But there are glimmers of progress in the protection of marine life and signs of improving water quality of the San Francisco Bay.

Dr. Jonathan Stern says, “Around the year 2000, the Bay started to become cleaner and more productive” thanks to decades of conservation legislation beginning to pay off.

“In 2008,” Stern says, “I followed a large school of porpoises inside the Bay, mothers and calves just cavorting around, and that was really surprising. Now, we see porpoises in the Bay every day. They actually come in with the tides and go out with the outgoing tides” following the small fish they feed on.

As many as 700 harbor porpoises now make the Bay part of their home, he says.

Interestingly, even if specific species of marine mammals are taken off the Endangered Species List, they’re still highly protected by the Marine Mammals Protection Act (MMPA).

Mary Jane Schramm of The Greater Farallons Marine Sanctuary says the MMPA  recommends whale observers stay at least 300 ft. away from marine mammals. Observers include windsurfers, kite boarders and boaters and is for the public’s safety as well as the whale’s.

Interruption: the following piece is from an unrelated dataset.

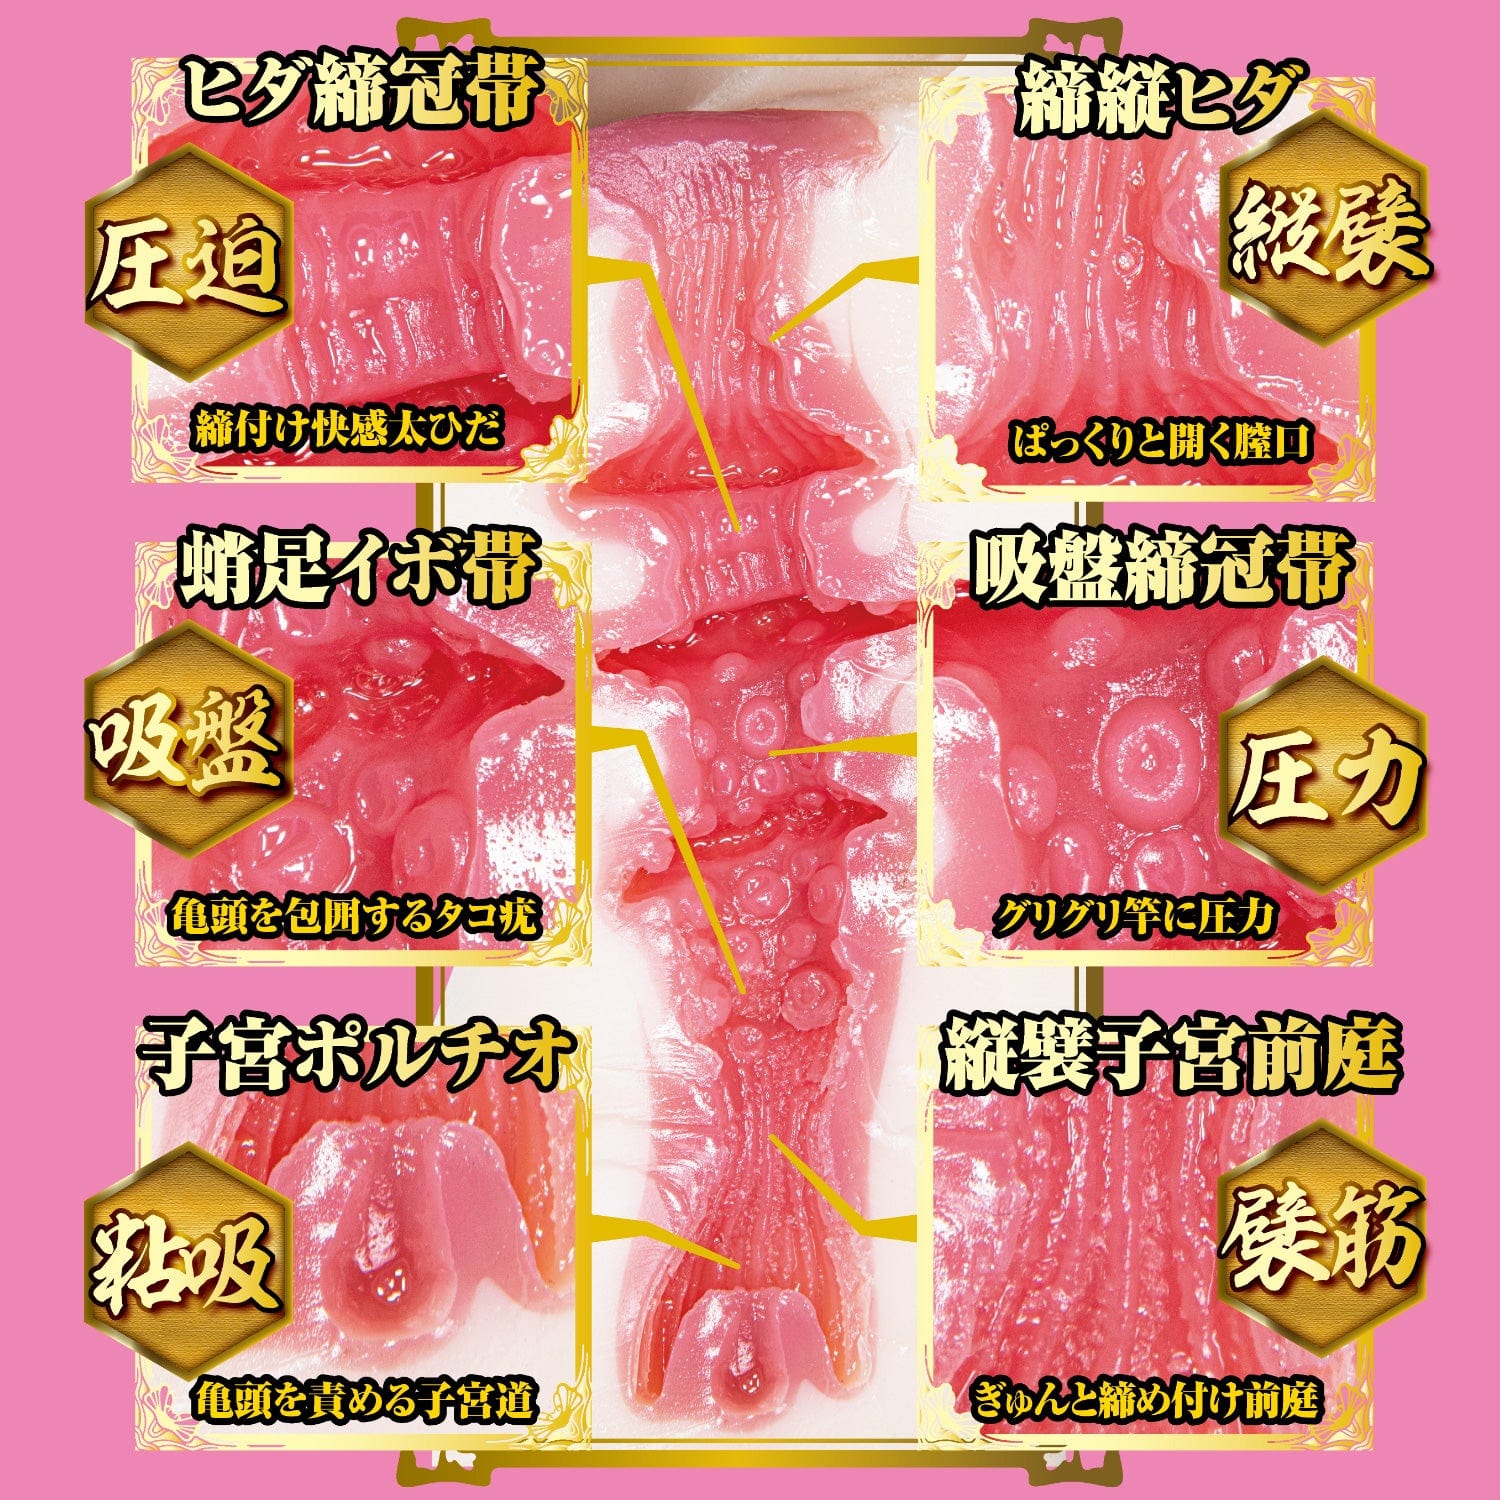 NPG - True Masterpiece 2 Meiki Rokka Ono Onahole (Beige) Masturbator Vagina (Non Vibration) 620217903 CherryAffairs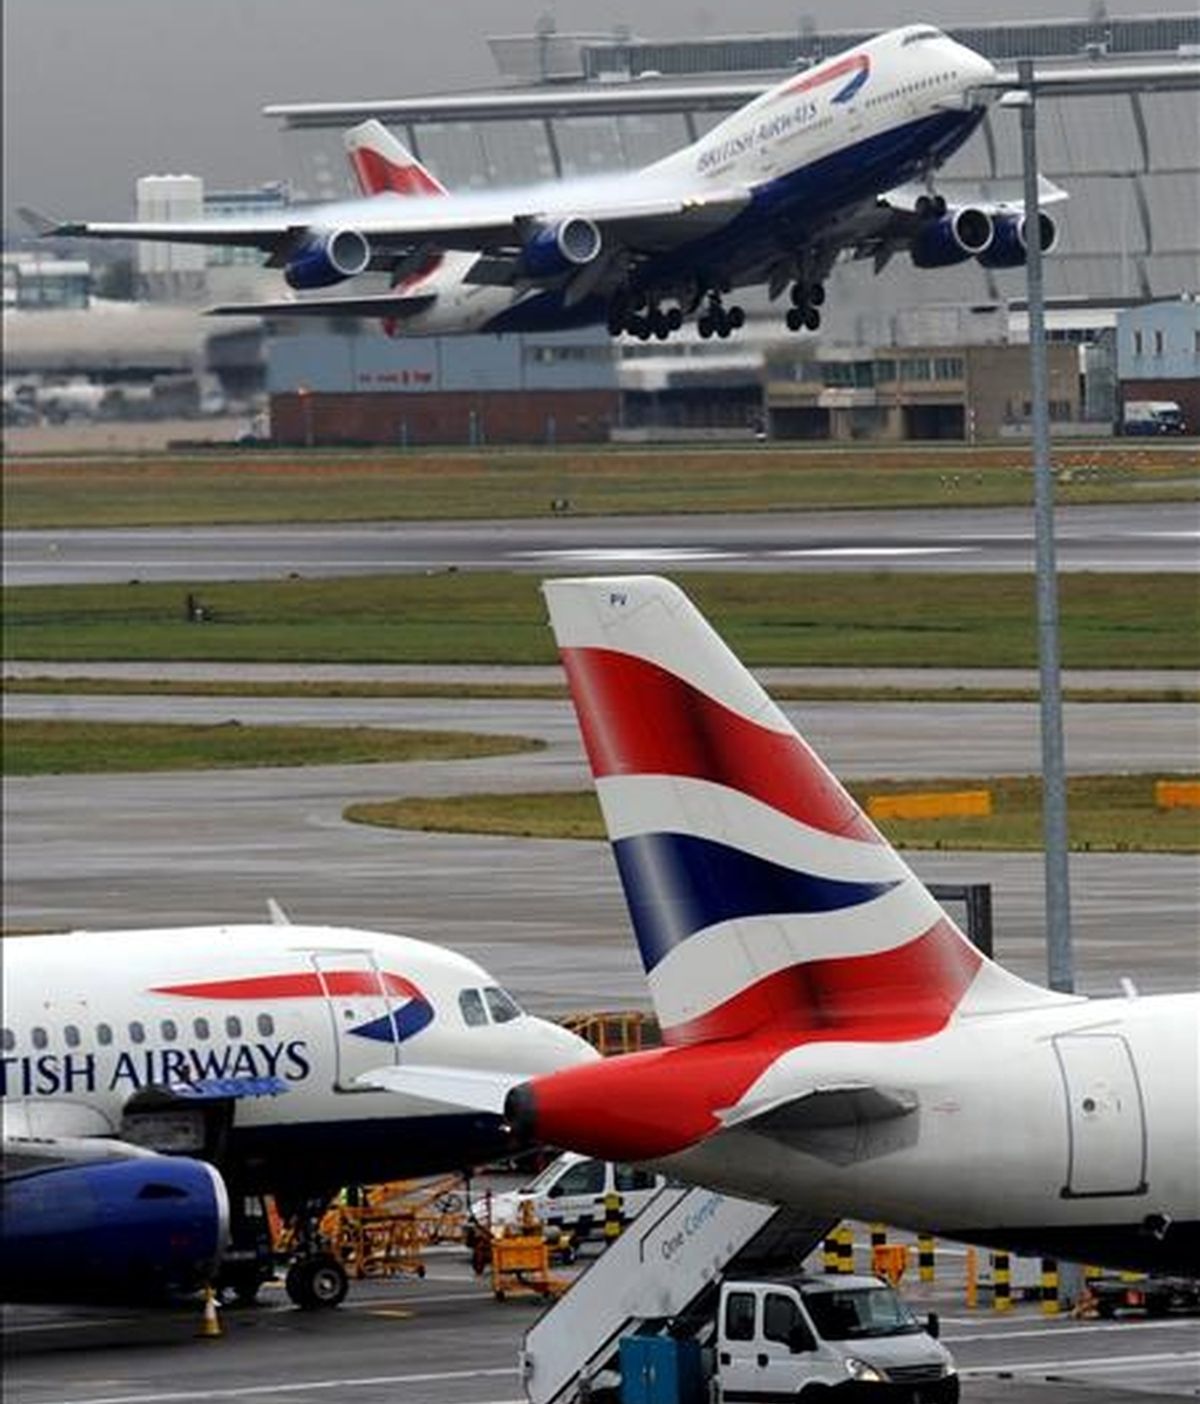 Aviones de British Airways (BA) en el aeropuerto de Heathrow en Londres, Reino Unido. Vídeo: ATLAS

“Stress from multiple non-lethal disturbances is also harmful, as (the whales) could be ‘spooked’ into heading…up the Sacramento River… There, death awaits if they don’t get back to the ocean,” Shramm says.

When recalling her experience kayaking near the humpbacks, Lyrinda Snyderman says, “To be in a small boat next to a whale, you really are sharing that environment with them. It was a privilege to be allowed into their lives.”